The British National Health System (NHS), for example, is incomparably more efficient and humane than the American private system. There is an ethos there of genuine pride in public service.

Many people are delighted to step outside the casual cruelties of the economic system. The Tories and “New Labour” under Tony Blair devised stealth forms of privatisation that put parts into private control while honouring the mantra of “providing care free at the point of delivery.”

The Tories loudly proclaim they put vast sums in to the NHS that actually go into private initiatives that enrich their cronies. For a glimpse of the ultimate costs, Polly Toynbee and David Walker noted in their 2011 book, The Verdict that the UK Treasury figured the lifetime burden of just the New Labour deals were 215 billion pounds for projects with a capital value of between 55 and 65
billion pounds. Four times what they are worth.

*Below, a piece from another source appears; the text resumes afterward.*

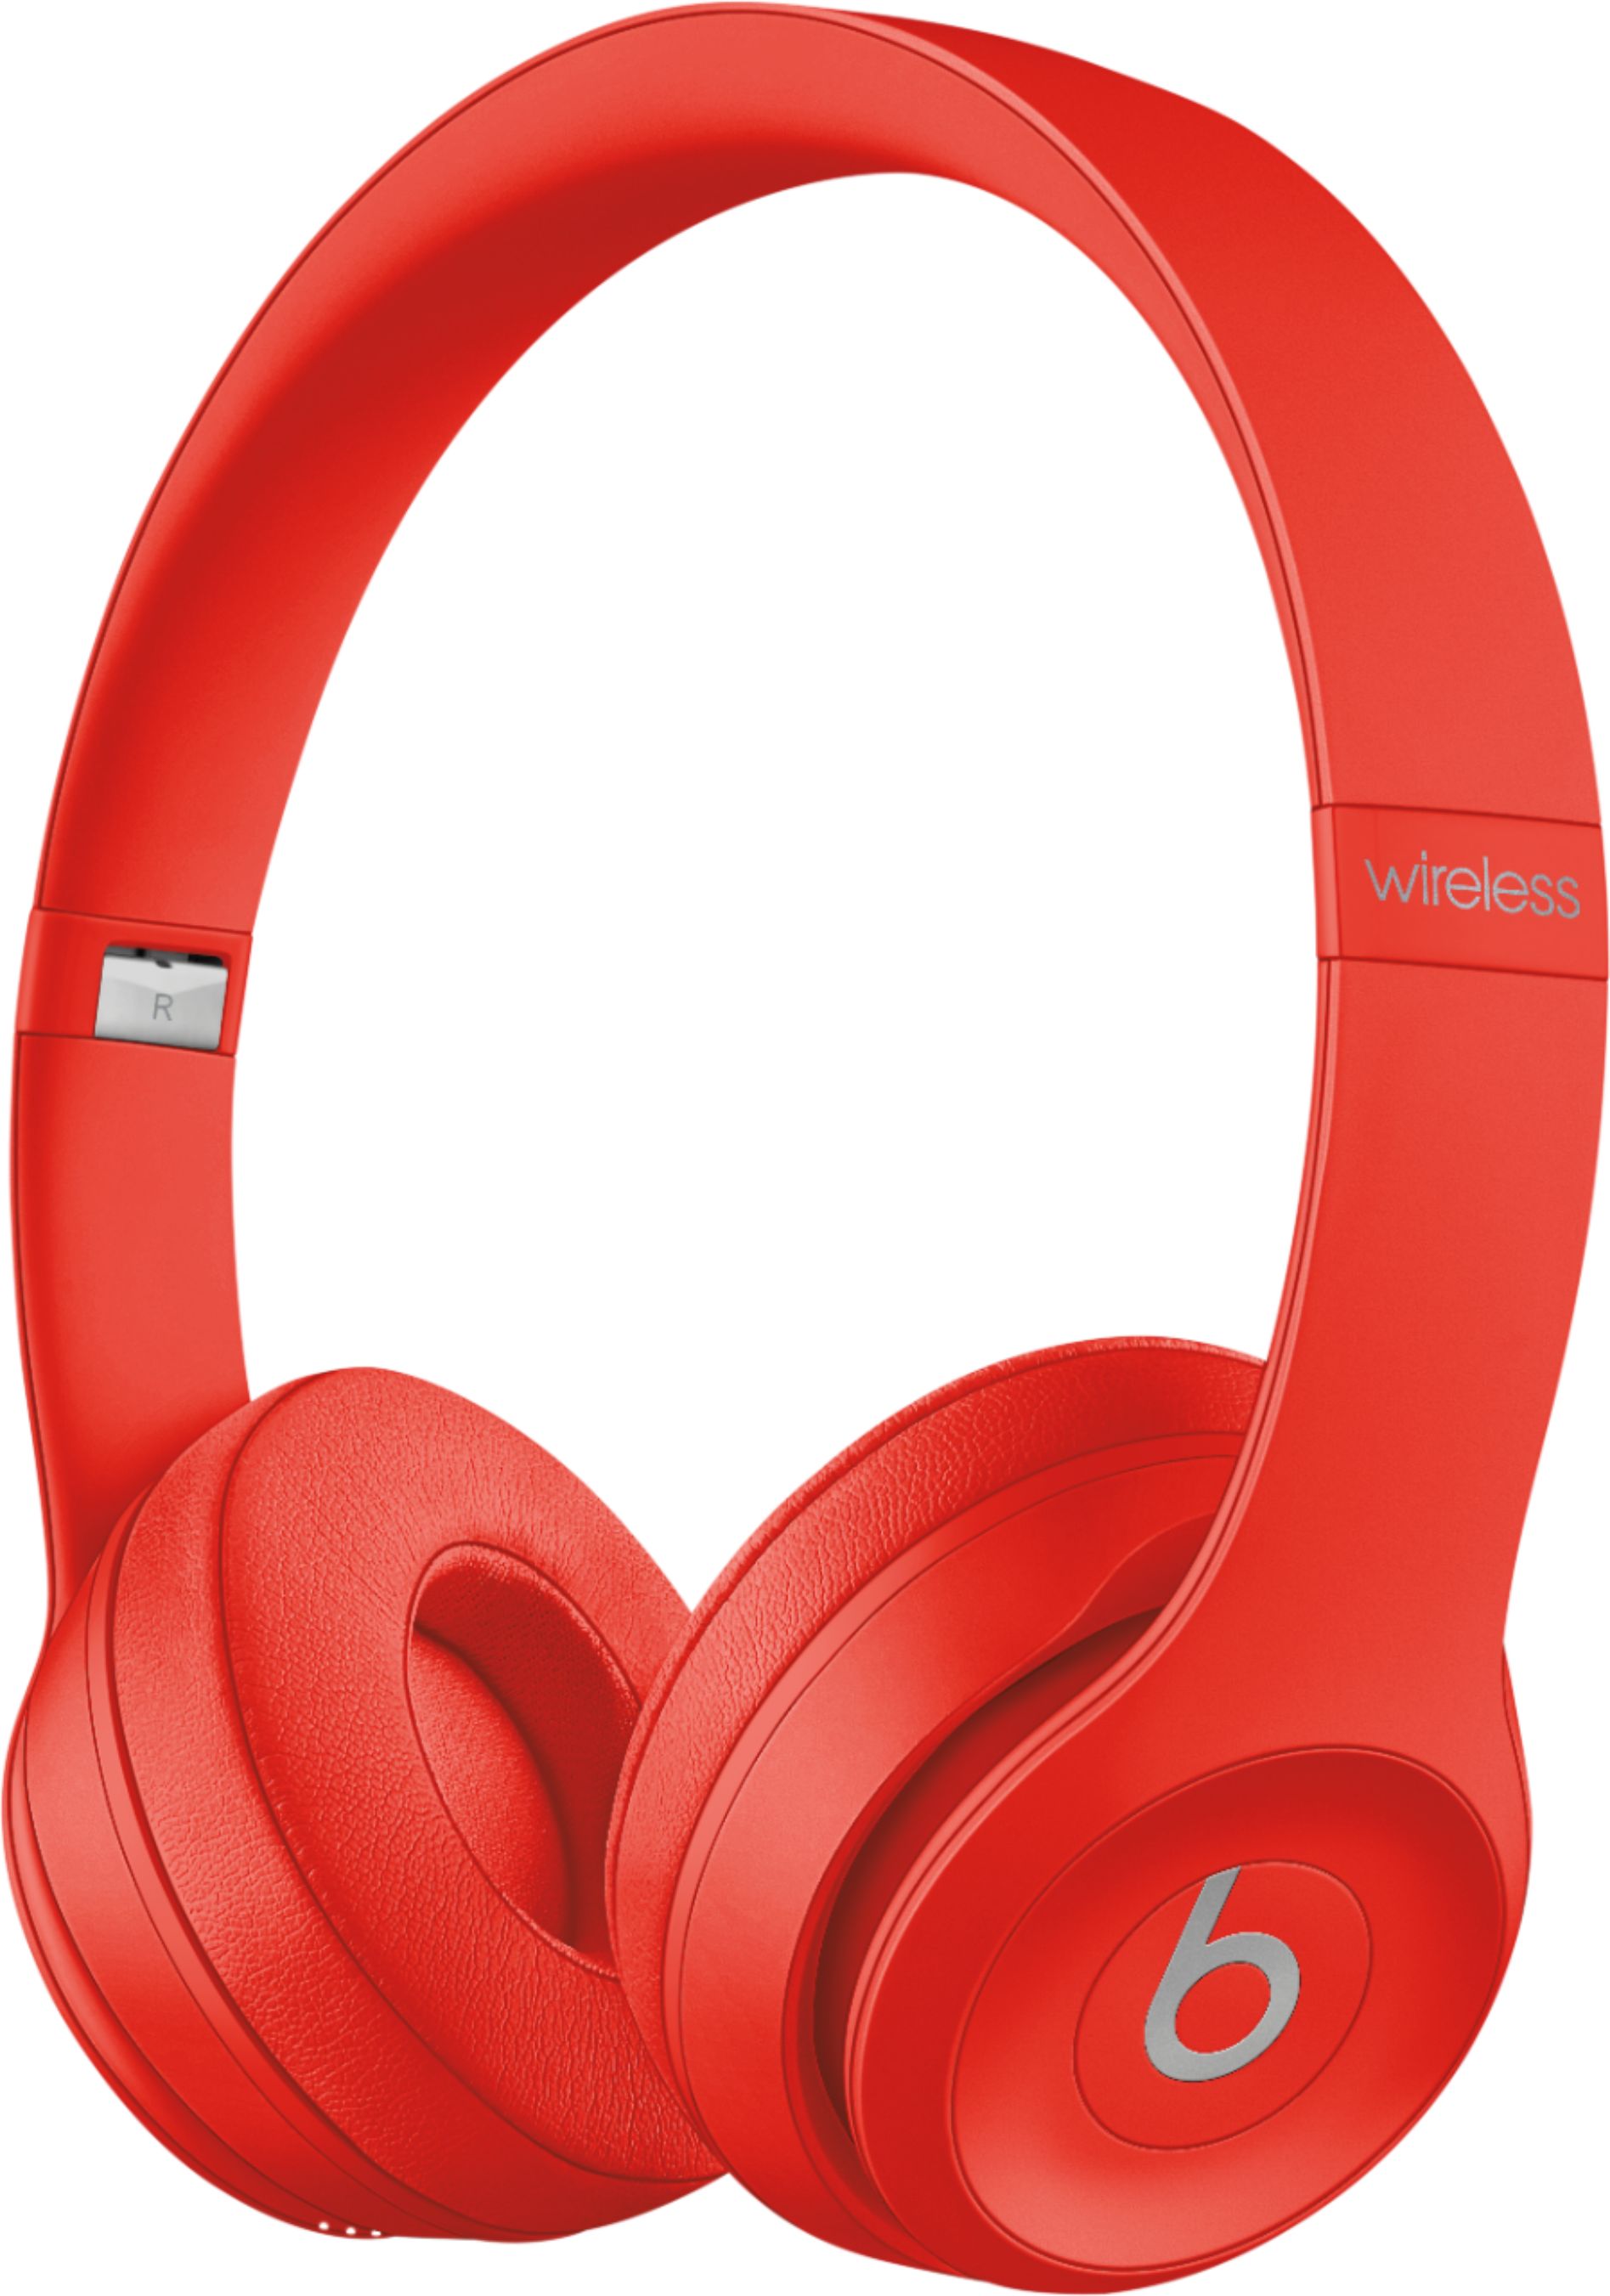 eksekverbar Pædagogik Langt væk Beats by Dr. Dre Solo³ Wireless On-Ear Headphones (PRODUCT)RED Citrus Red  MX472LL/A - Best Buy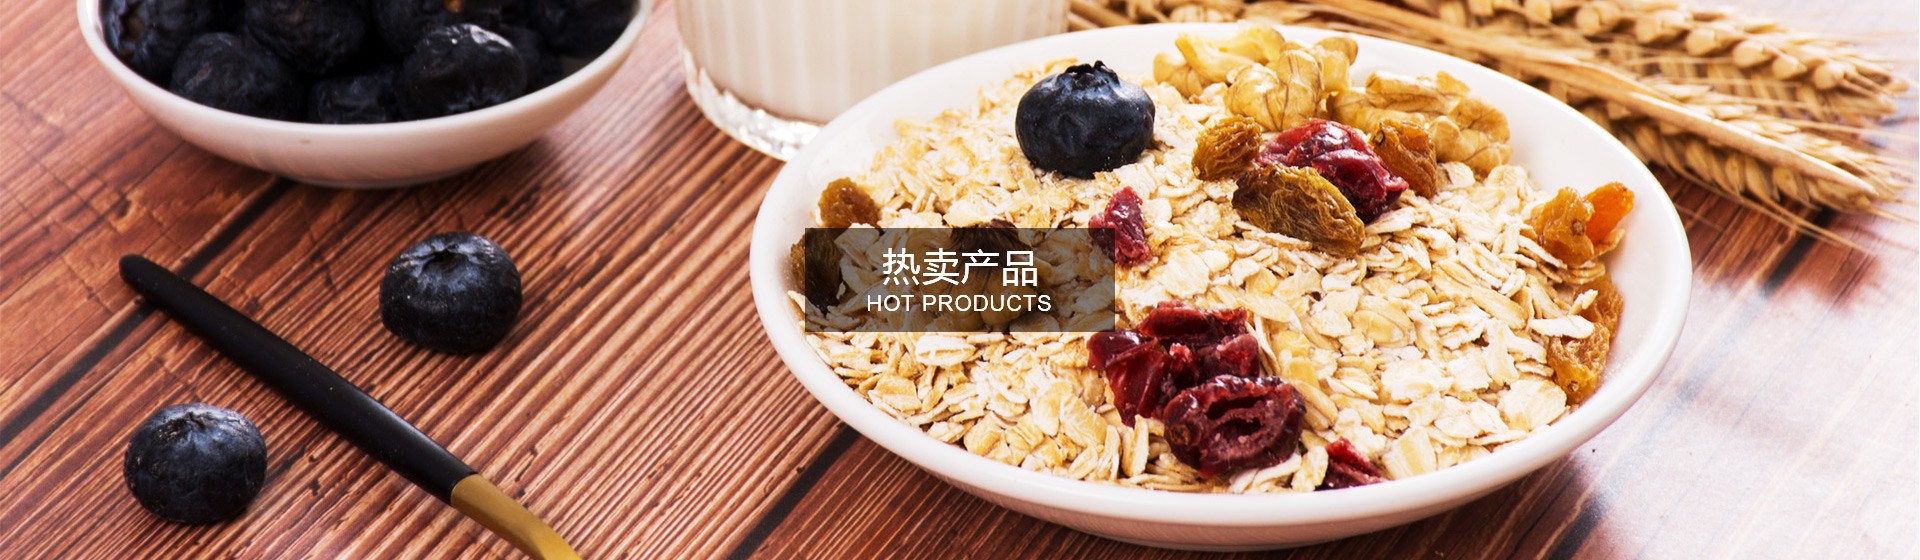 Shandong Mengsixiang Food Co., LTD

Privatised British Energy, in charge of nuclear power, failed and had to be restored, expensively, in public keeping. The collapse of Metronet, a major private player in running London’s Underground, also cost the public purse several hundred million pounds. The state raising its own funds and operating its own public enterprises is cheaper and more effective in the long run.

Now comes the debacle of the huge UK firm, Carillion, at a cost that largely will be paid from the public purse. Carillion collapsed in mid-January with pension liabilities of nearly a billion pounds and owing 2 billion to subcontractors.

The state will take on the pension liabilities while most subcontractors are likely out of luck. Just like the 2008 crisis, four accountancy firms as supposed watchdogs never saw the collapse coming, which indicates either incompetence or corruption was in play.

“It beggars belief that a company can be allowed to run with such apparent recklessness ~ and be so lucrative for the directors and shareholders ~ when it has a giant pension deficit and a mountain of debt,” said Labour MP Frank Field.

Carillion’s CEO, a former adviser to Tory prime minister David Cameron, was found guilty in 1994 of a breach of trust and maladministration regarding the pension scheme at another company yet slithered into this position.

Perhaps we need the same alert system for CEOs like this as we do for paedophiles since they do vastly more harm. Not a single official bothered to meet with Carillion, or its subsidiaries, in the year before its collapse despite shelling out four major government contracts to Carillion worth £1.5 bn.

Labour vows to end private schemes. The Tories will try to keep spigots open for their pals. Americans, who seem to be the slowest learners in the world, may find from the UK’s experiences that FDR’s New Deal and Eisenhower’s highway programme weren’t such a bad way to build infrastructure. That’s how they got most of it in the first place.

The writers are well-known commentators and authors of No Clean Hands, Parables of Permanent War, and many other books.